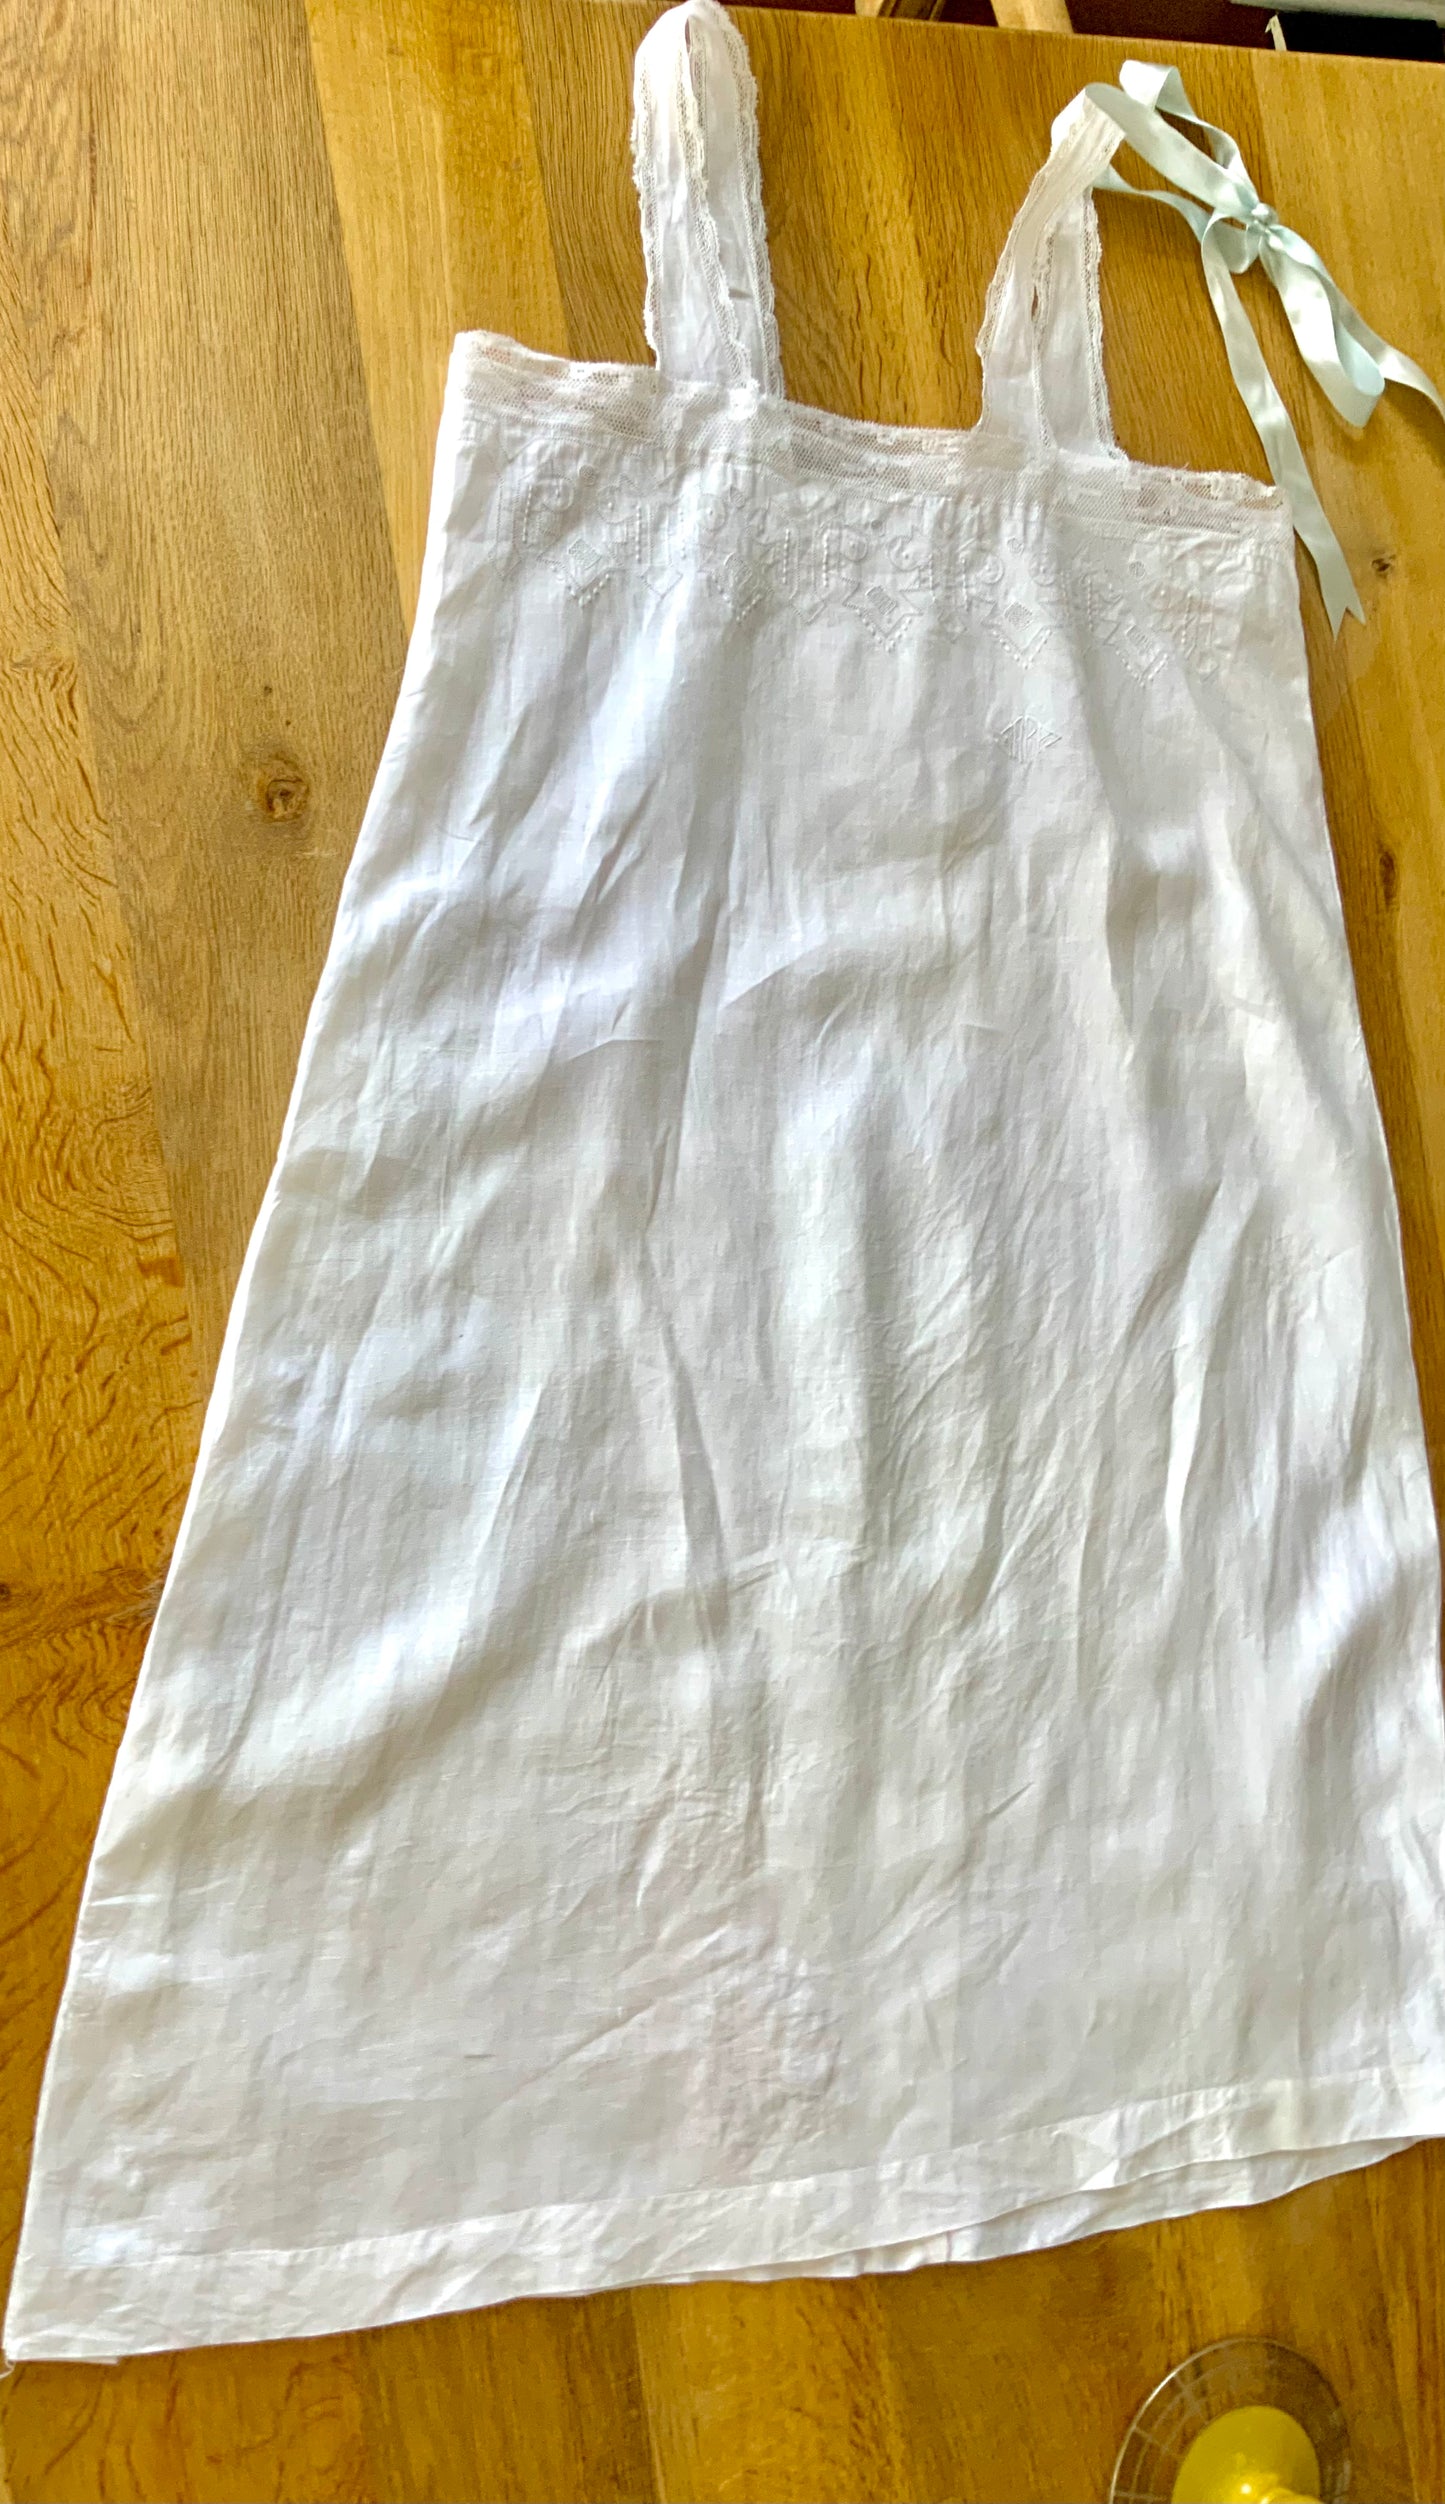 Antique Cotton Dress - 1900
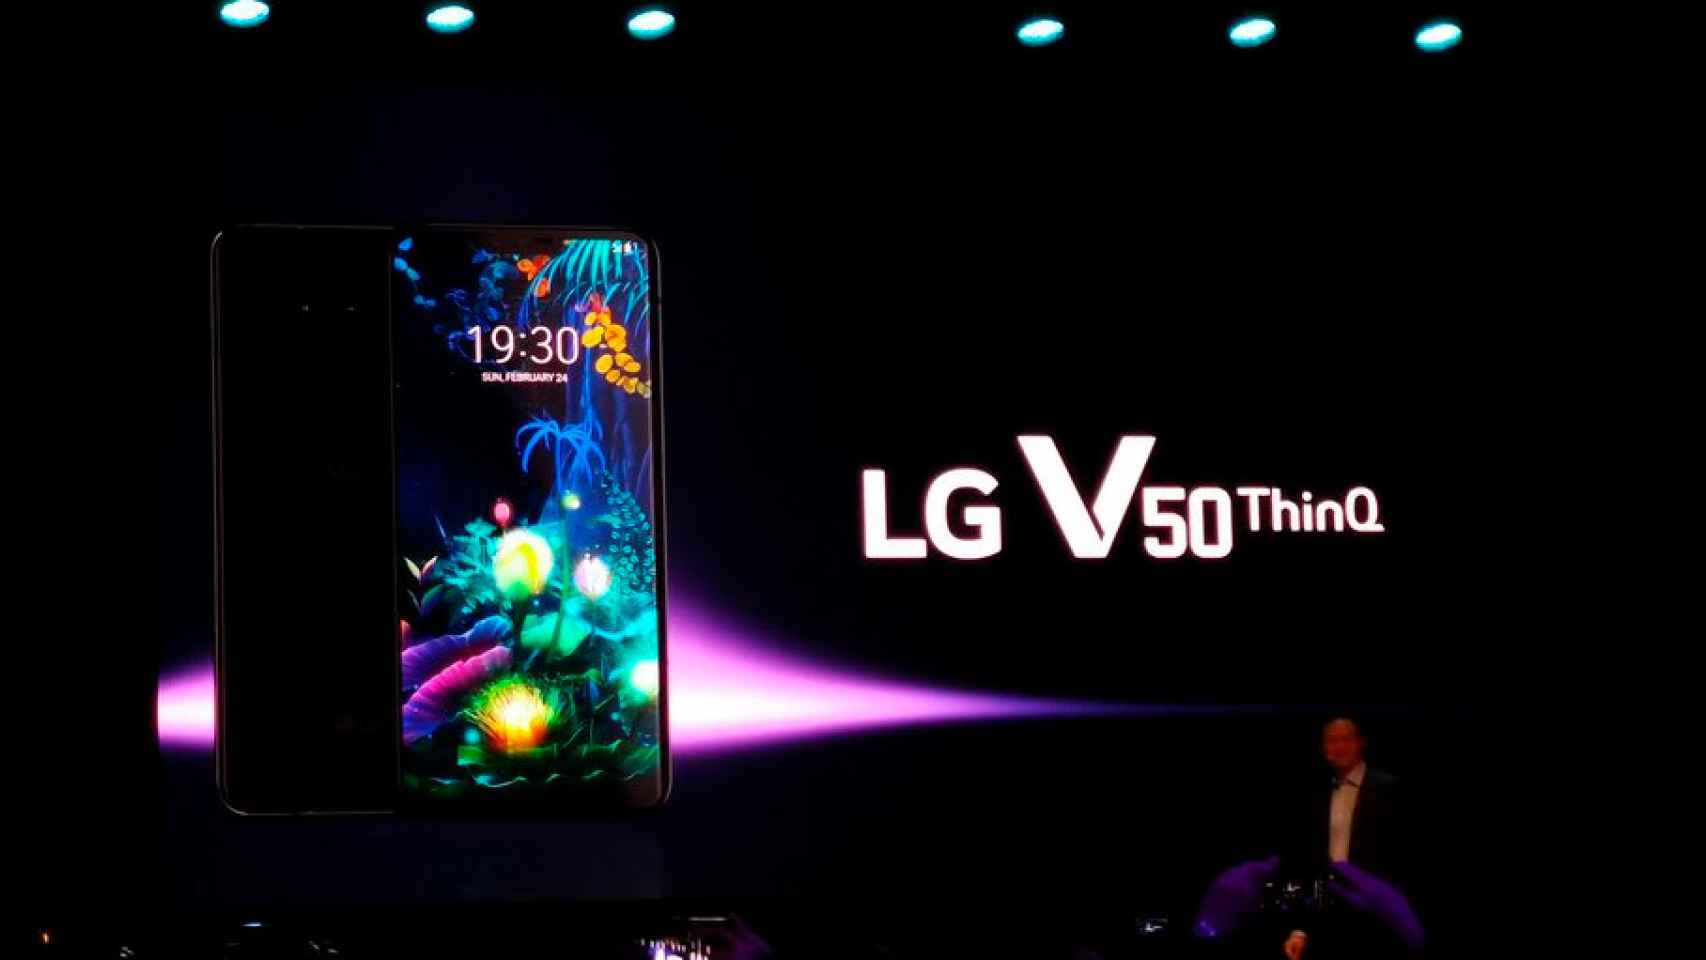 El LG V50 ThinQ 5G ya se puede comprar en Vodafone: precios y tarifas
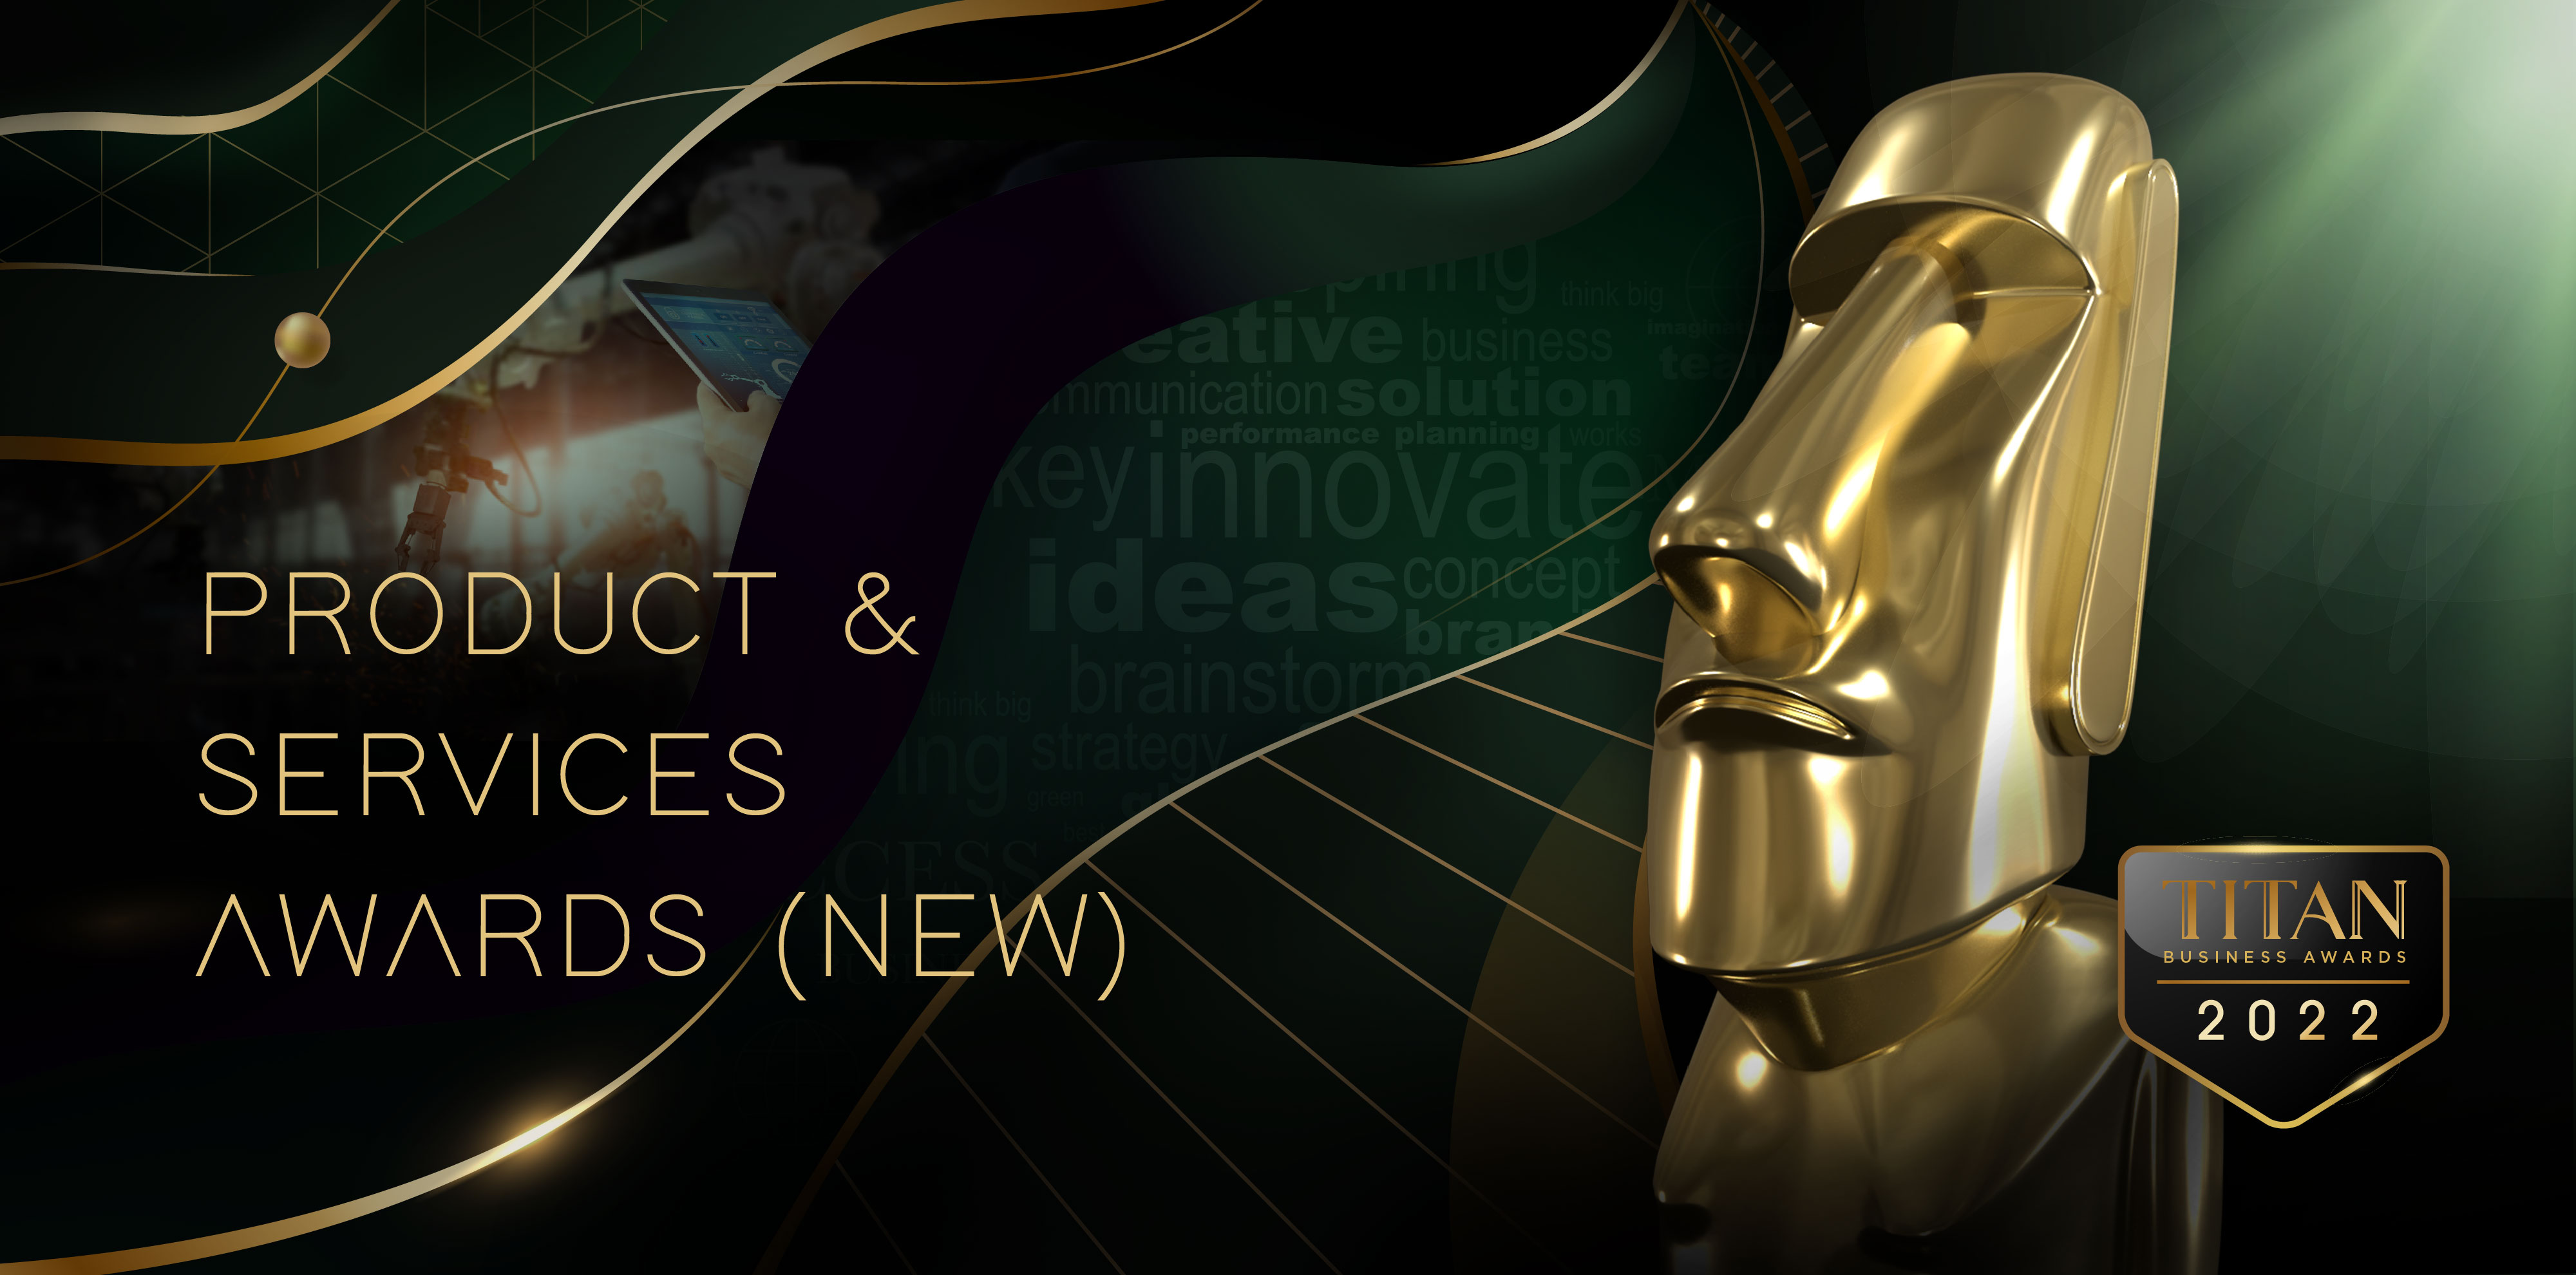 TITAN Product & Services Awards 2022 | TITAN Awards

-=-=-=-=-

- PROBLEM TO SOLVE: The result should be the material above, unchanged and free of pictures; please print it.

- RESPONSE TO THE TASK:
 Antique Cotton Dress - 1900
 El LG V50 ThinQ 5G ya se puede comprar en Vodafone: precios y tarifas
 TITAN Product & Services Awards 2022 | TITAN Awards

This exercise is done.